The Zeroth Law of Debugging

We recently had a very eye opening experience while helping a customer with a problem. They were having issues with our ATS1936 and TM1936-SFP+ in their engineering lab. Their ATCA nodes and external nodes would link to the ATS1936, the ATS1936 reported the links as up, but they could not get traffic to pass between the nodes. We checked spanning-tree settings. We checked port physical settings. We checked various other switch settings. We checked SFP+ module numbers. We checked fiber cable types. We checked E-Keying settings. We ran various tests and we could not find anything wrong. It was getting frustrating. We were close to issuing an RMA and then we remembered the Zeroth Law of Debugging.
Zeroth Law of Debugging: Never assume anything.
or
Zeroth Law of Debugging (rephrased): Verify all of your assumptions.
I call it the Zeroth Law of Debugging because it is just like the Zeroth Law of Thermodynamics. It is the most fundamential rule of any list of ‘laws’ for debugging. Debugging itself could be defined as making a list of assumptions and verifying them.
What is the most basic assumption of a layer 2 switch? What is something you would rarely check? What is absolutely required for a layer 2 switch to connect two nodes? Do you think you have figured it out? Well if you answered unique MAC addresses you solved this problem.

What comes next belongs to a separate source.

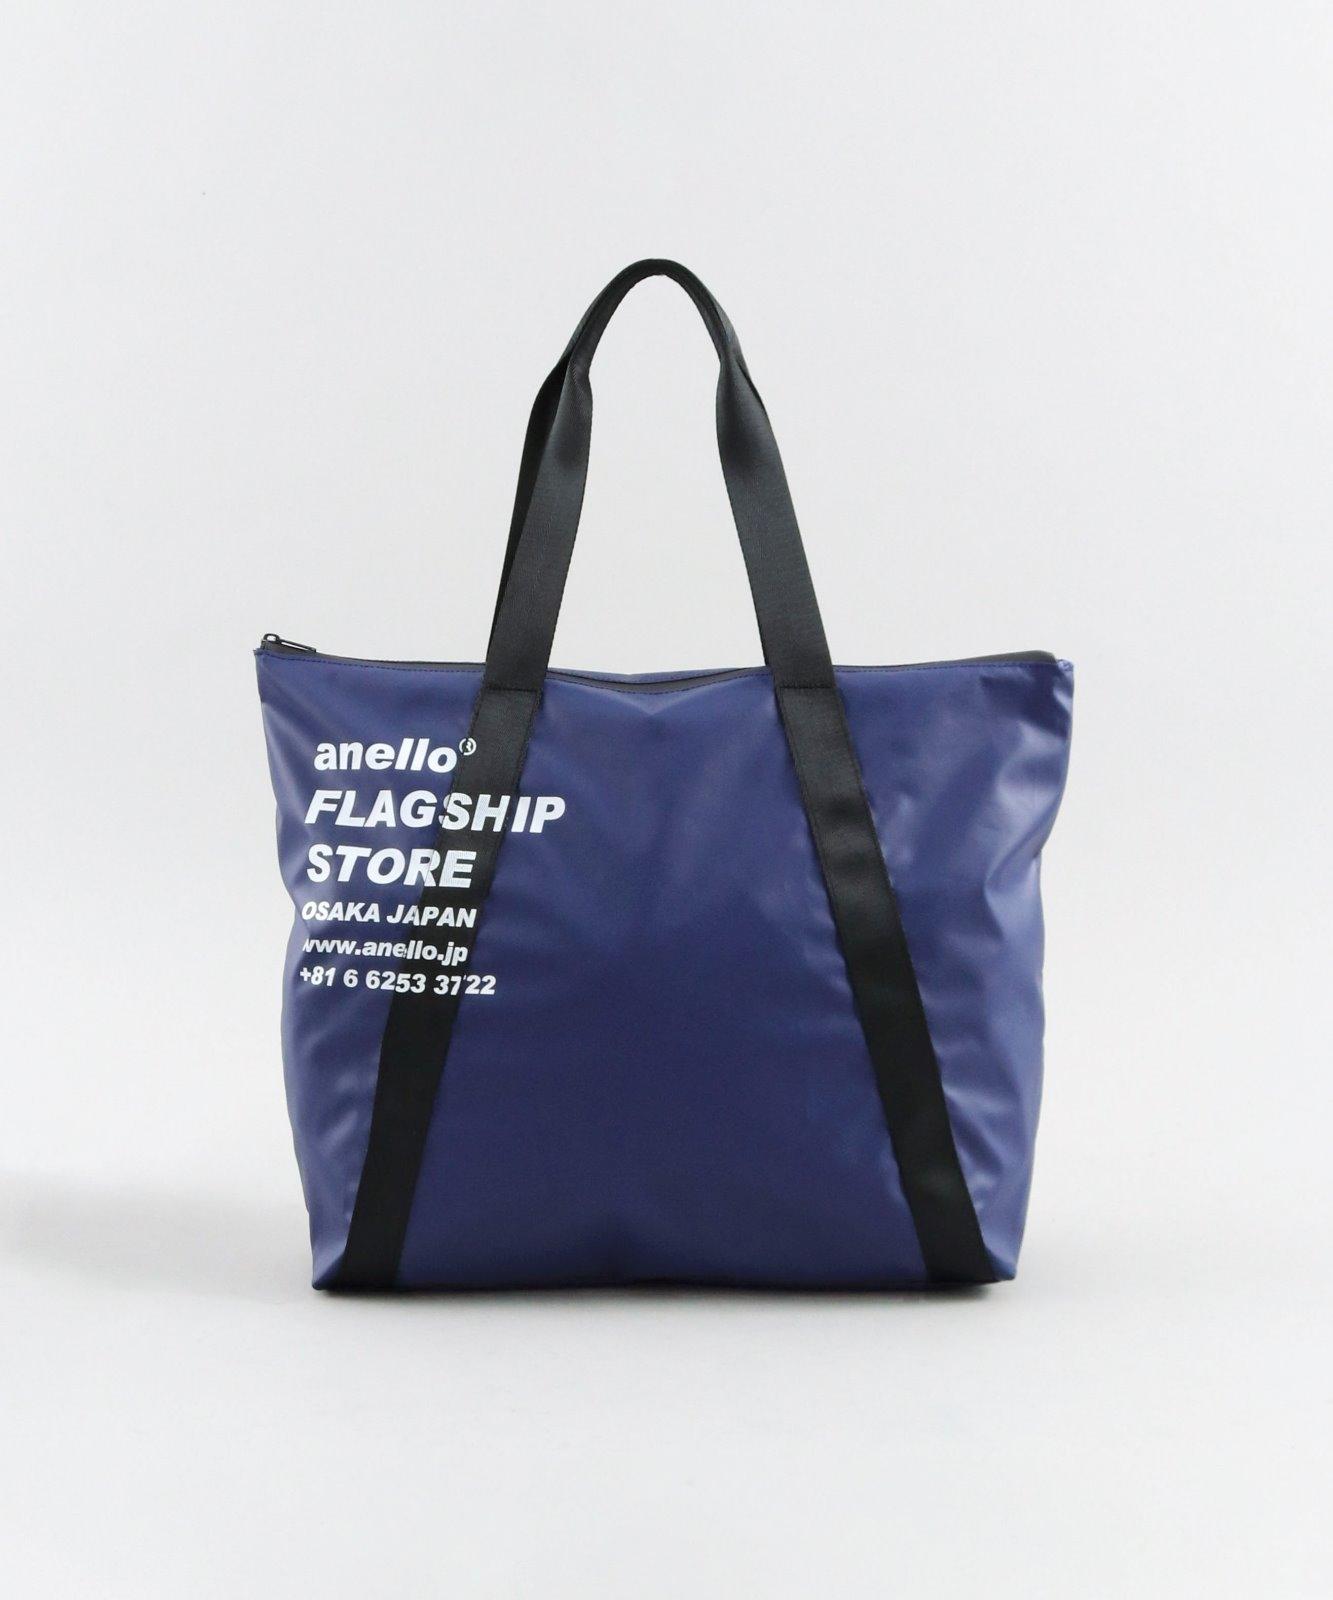 【anello® FLAGSHIP STORE OSAKA限定】撥水パッカブルビックボストン

Obviously, all nodes need unique MAC addresses and would have unique MAC addresses in the field, but this is testing in a engineering lab with prototype nodes. The MAC addresses were the same on all the nodes. The only way we figure it out was when we simplified the test down to just 2 nodes pinging each other. The customer saw the particular behavior of ping working from node A to node B or node B to node A but not both at the same time. That set off a red flag and we quickly figured it out from there once we verified our most basic assumption.
Every once in a while problems like this come up to remind you that not all issues are hard to fix. As long as you keep the Zeroth Law of Debugging in mind, most (all?) product issues can be solved.
JP Landry
Network Division Manager